## YOUR GOAL
All that is wanted is the line with "Modern Wedding Invites" and each line after it to the end of the data below, set down exactly and without pictures.

## MATERIAL PROVIDED
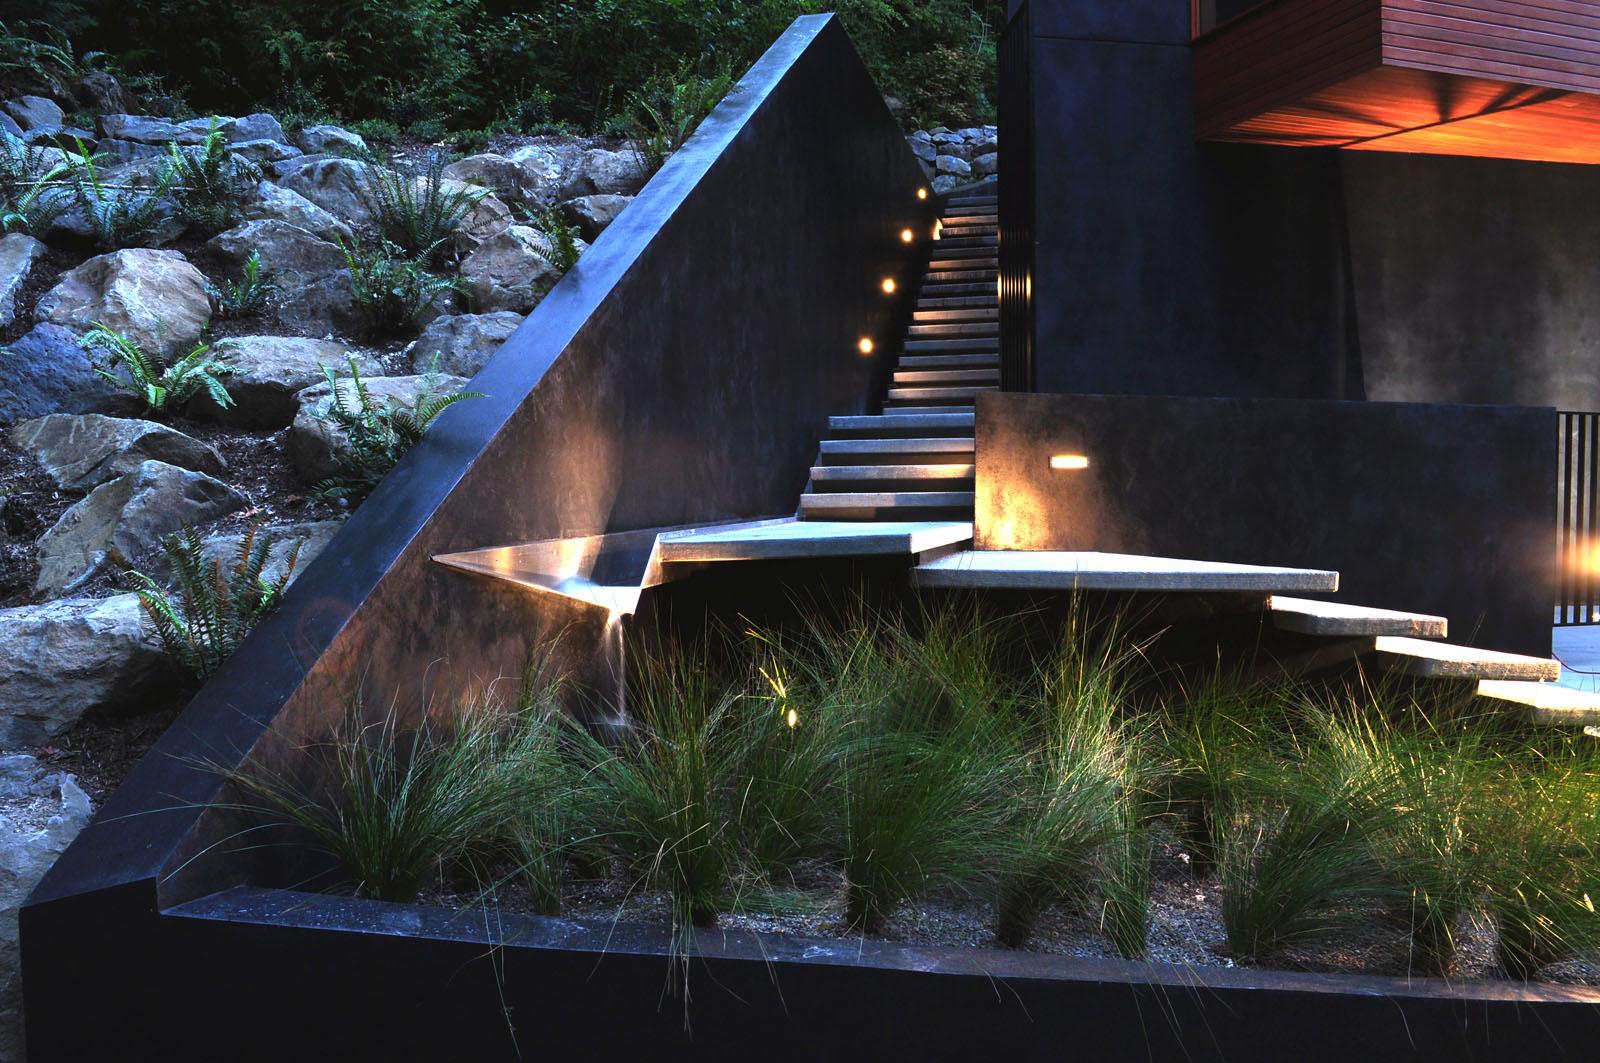 Location: Portland, OR; Architect: Skylab Architecture
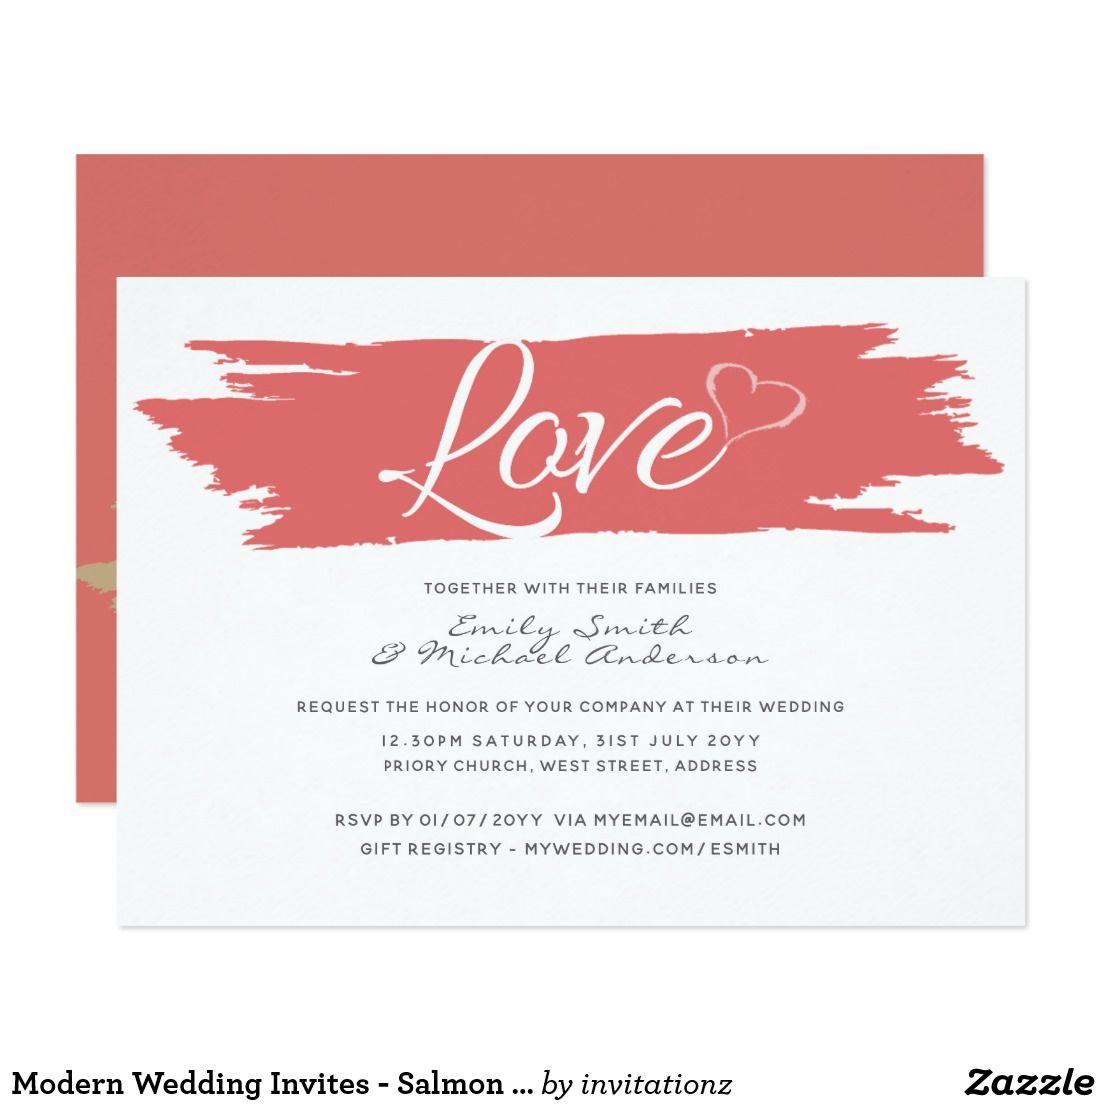 Modern Wedding Invites - Salmon Pink | Trending Wedding Themes 2018 ...
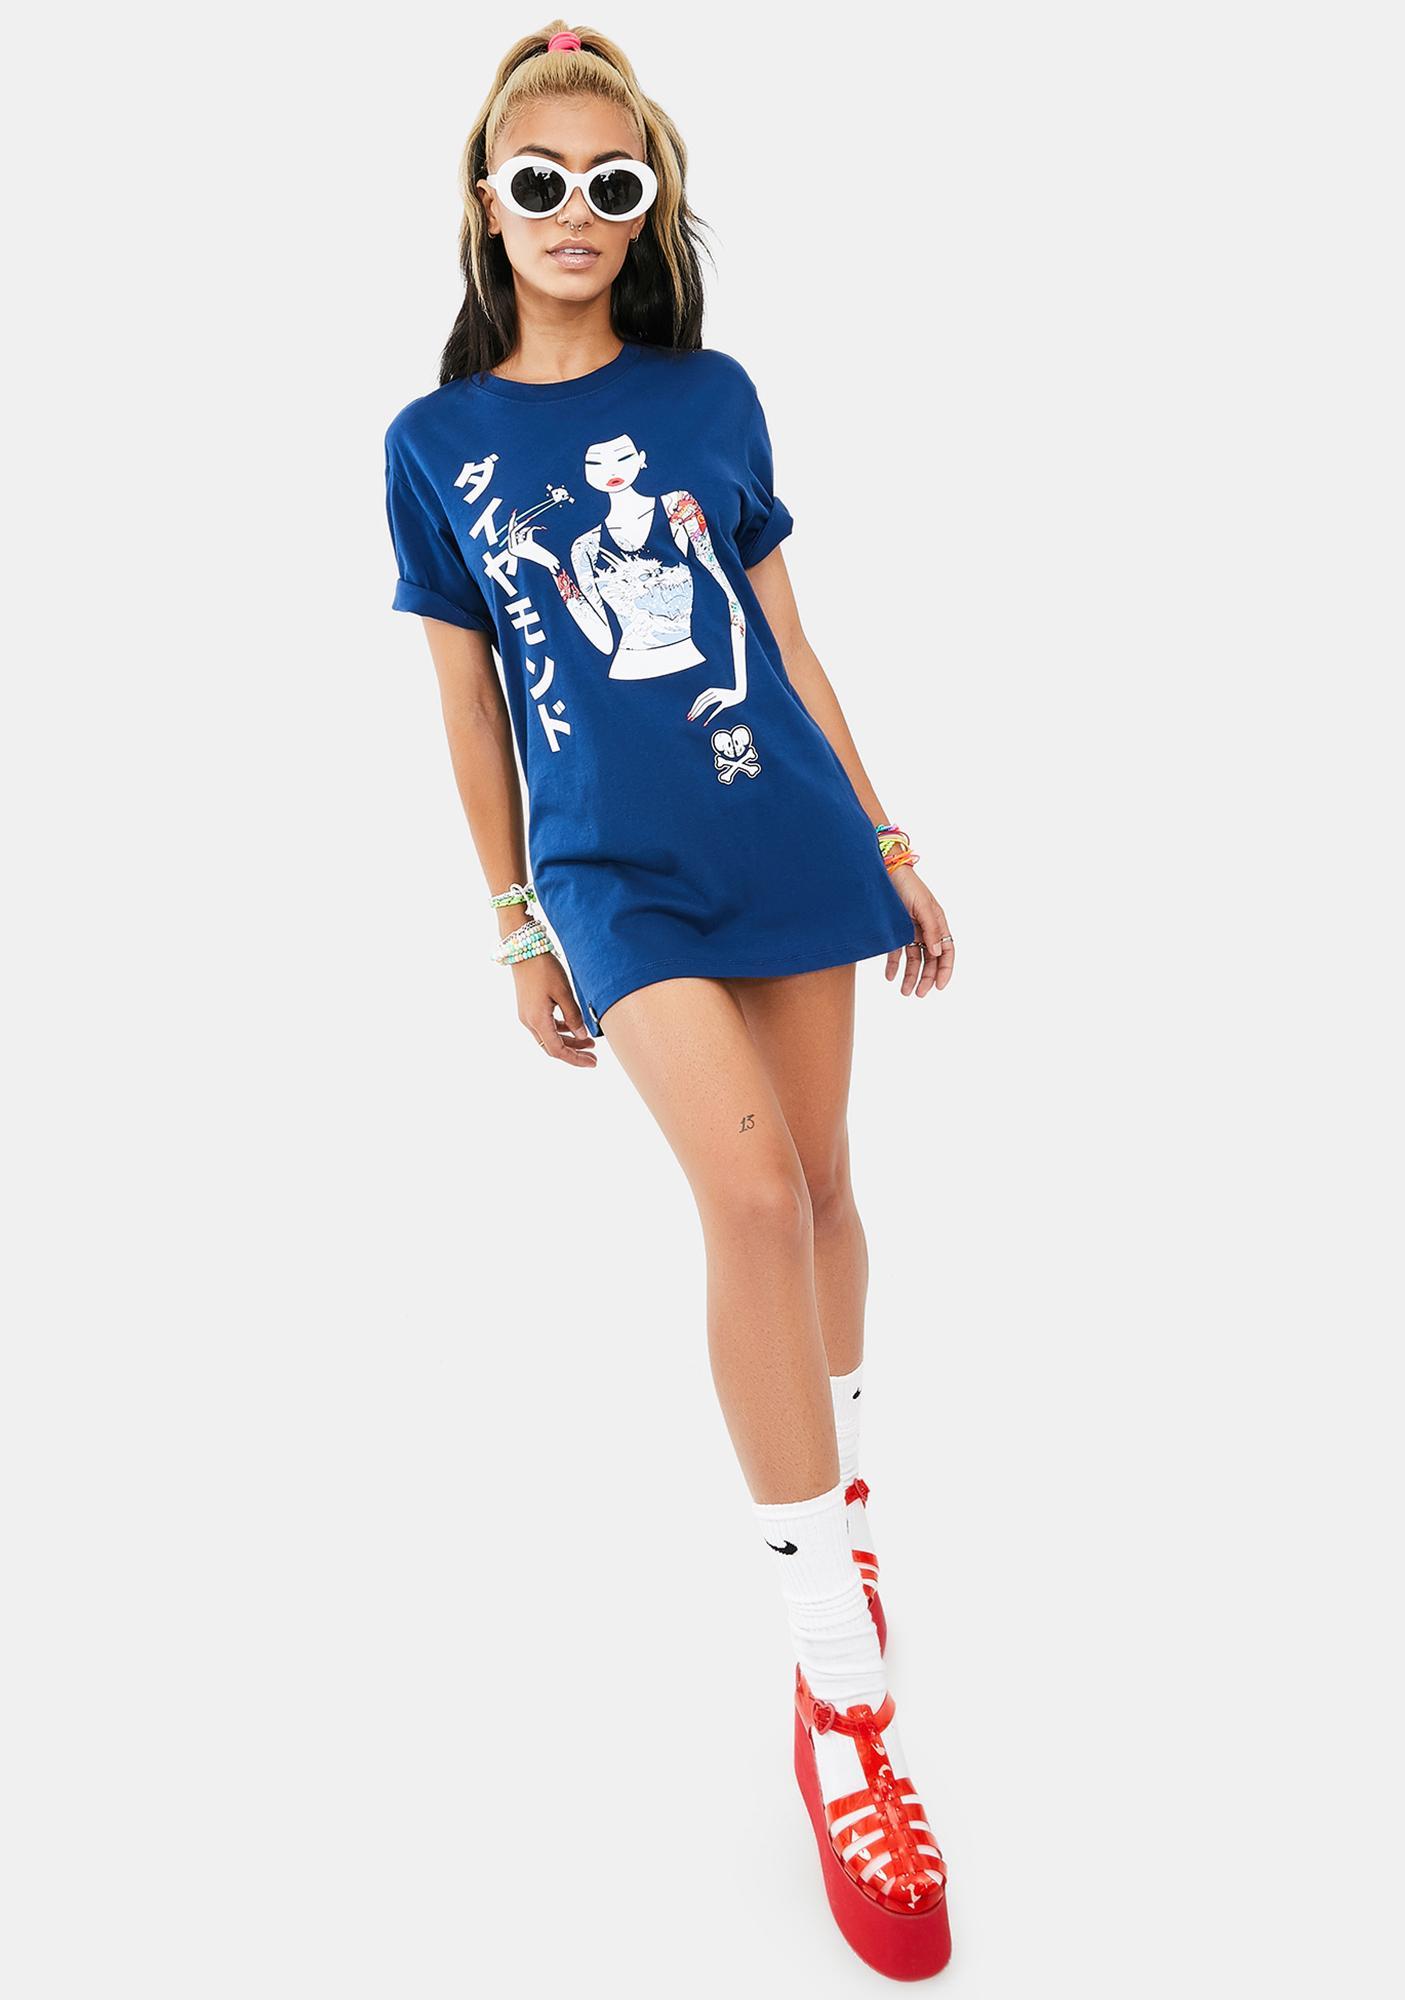 Tokidoki Japanese Diamond Girl Short Sleeve Graphic Tee

## COMPLETED EXERCISE
 Modern Wedding Invites - Salmon Pink | Trending Wedding Themes 2018 ...
 Tokidoki Japanese Diamond Girl Short Sleeve Graphic Tee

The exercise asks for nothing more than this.